Kootenai Health not trying to monopolize industry
COEUR d'ALENE - Kootenai Health isn't trying to corner the market on health care in the region.
"We're not out to monopolize any sector of the health care industry," said Ron Lahner, a Kootenai Health vice president and the hospital and health center's general counsel.
Lahner told The Press Tuesday afternoon that Kootenai Health feels competition in the marketplace is a good thing.
Earlier in the day, the 9th Circuit Court of Appeals upheld a federal court ruling that the Boise-based St. Luke's Health System violated federal antitrust laws when it acquired Saltzer Medical Group, a large, independent physicians' practice in the Nampa area.
Lahner noted U.S. District Court Judge B. Lynn Winmill said the court was convinced the quality of health care would improve if the merger remained in place, but the acquisition had to be unwound because of the antitrust laws.
The Sherman Antitrust Act, passed by Congress in 1890, was the first U.S. law to outlaw monopolization in business. The Clayton Act and the Federal Trade Commission Act were each enacted in 1914.
"Those rules still apply, whether you're making cars, widgets or delivering health care," Lahner said.
Under the federal Affordable Care Act, also known as "Obamacare," one of the principle themes is integration of care, he said.
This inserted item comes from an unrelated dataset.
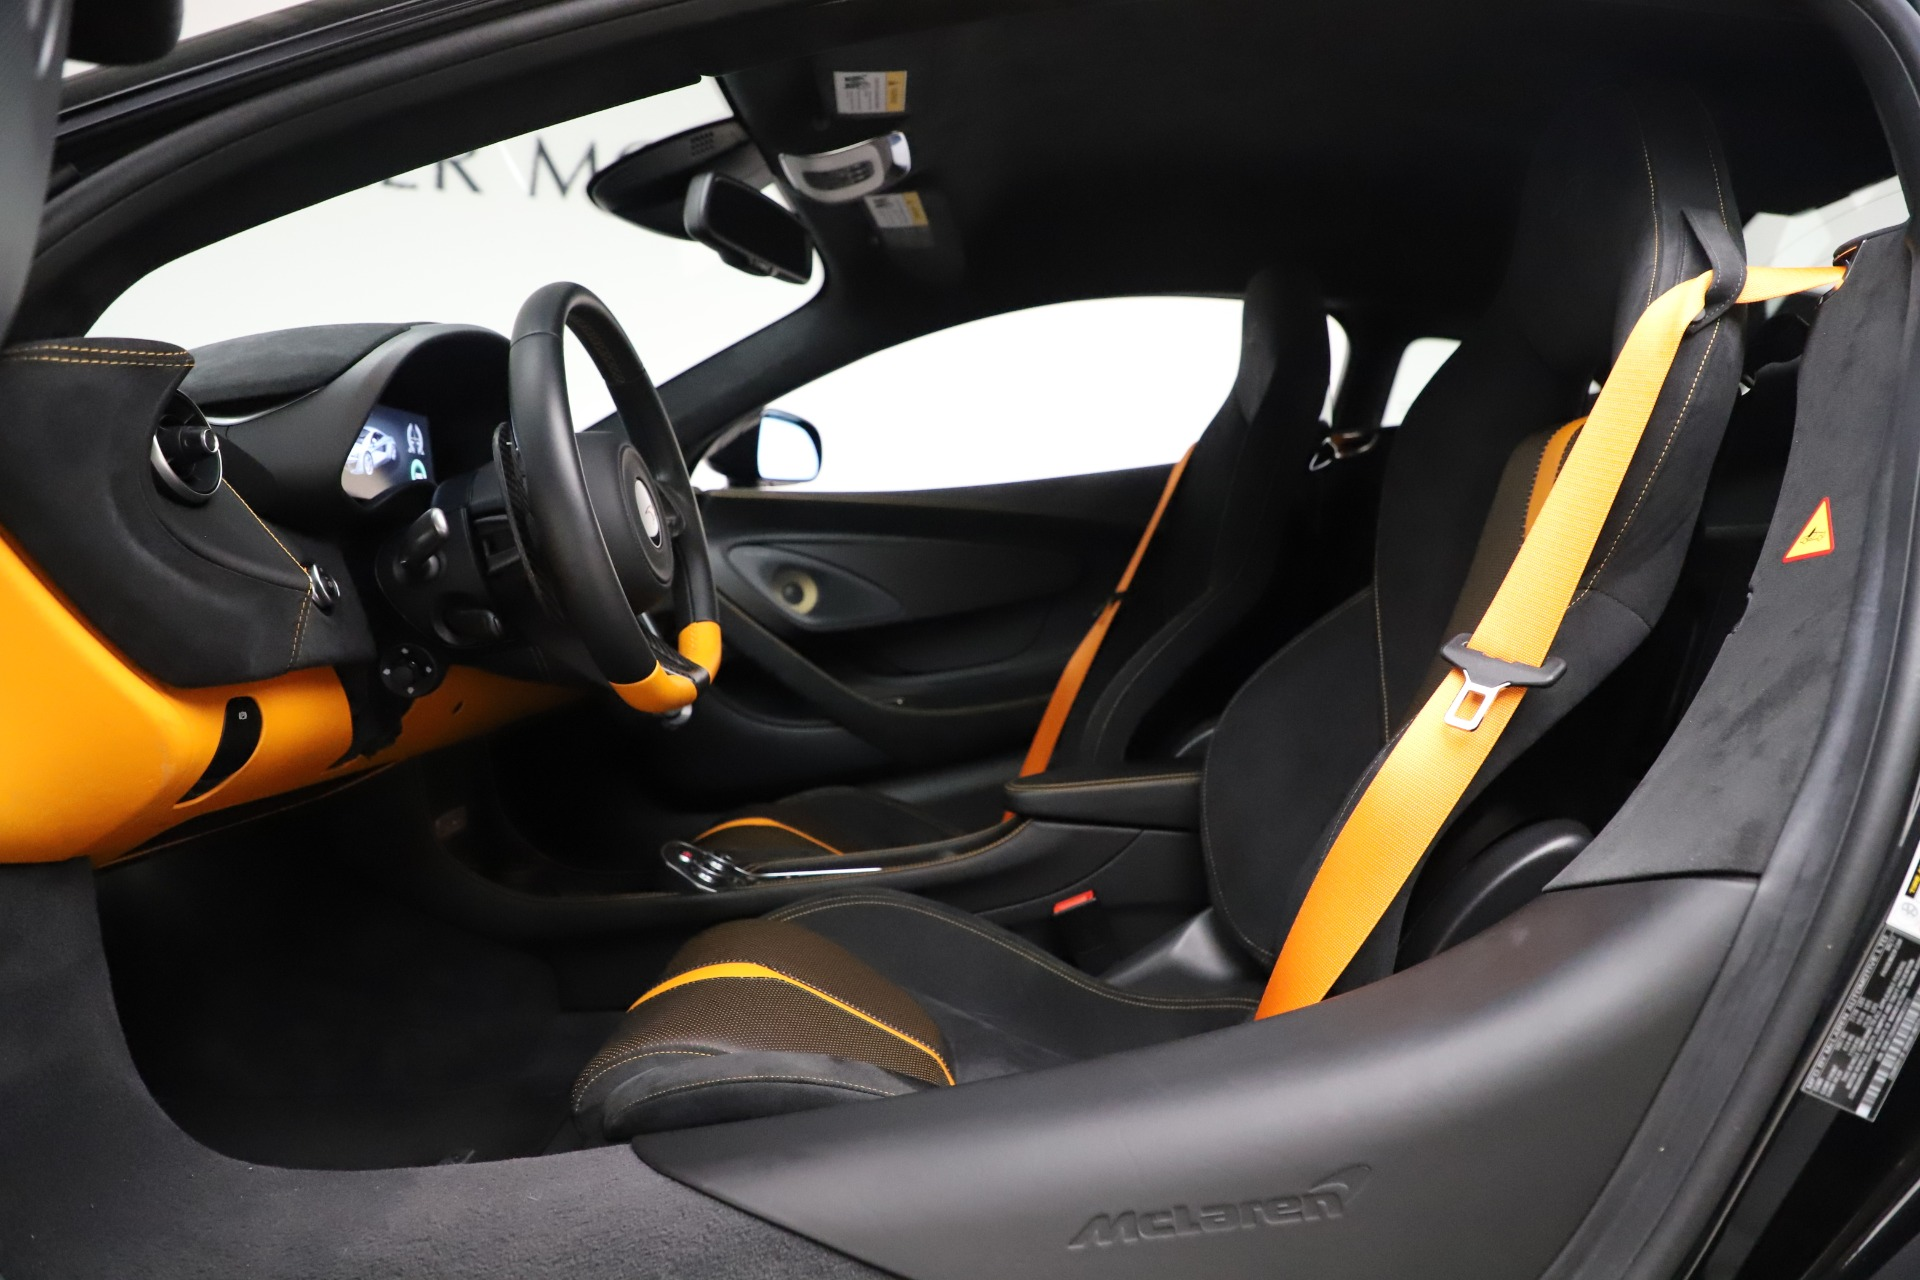 Used 2017 McLaren 570S Coupe For Sale In Westport, CT 3503_p17

Hospitals have been encouraged to partner with other providers in an effort to improve patient outcomes while driving down costs through consolidation.
"So you start to do that, and lo and behold, you run up against these anti-trust rules," Lahner said.
He said the administration at Kootenai Health is not vigorously pursuing medical practices for acquisition.
"We have physicians coming to us requesting we acquire their practices and offer employment," Lahner said.
Kootenai Health scrutinizes each opportunity, he said, and considers acquisition only if hospital leaders believe the move will improve health care.
Lahner said it's not a core strategy for the hospital and health center, although they do like having a balance of hospital-employed and independent physicians.
There are 379 physicians on staff, Lahner said, and 95 are employed rather than independent.
"We do have several core strategies, one of which is to develop what we're calling a 'clinically integrated network,'" Lahner said.
For that network, he said Kootenai Health is contacting types of health care providers in order to integrate functions and services from a quality standpoint.
"This gets into that tension of integration and antitrust laws," Lahner said. "So we are engaged in this delicate dance in finding what's needed to deliver higher quality care at a lower cost, and more effectively, while staying on the right side of the antitrust laws."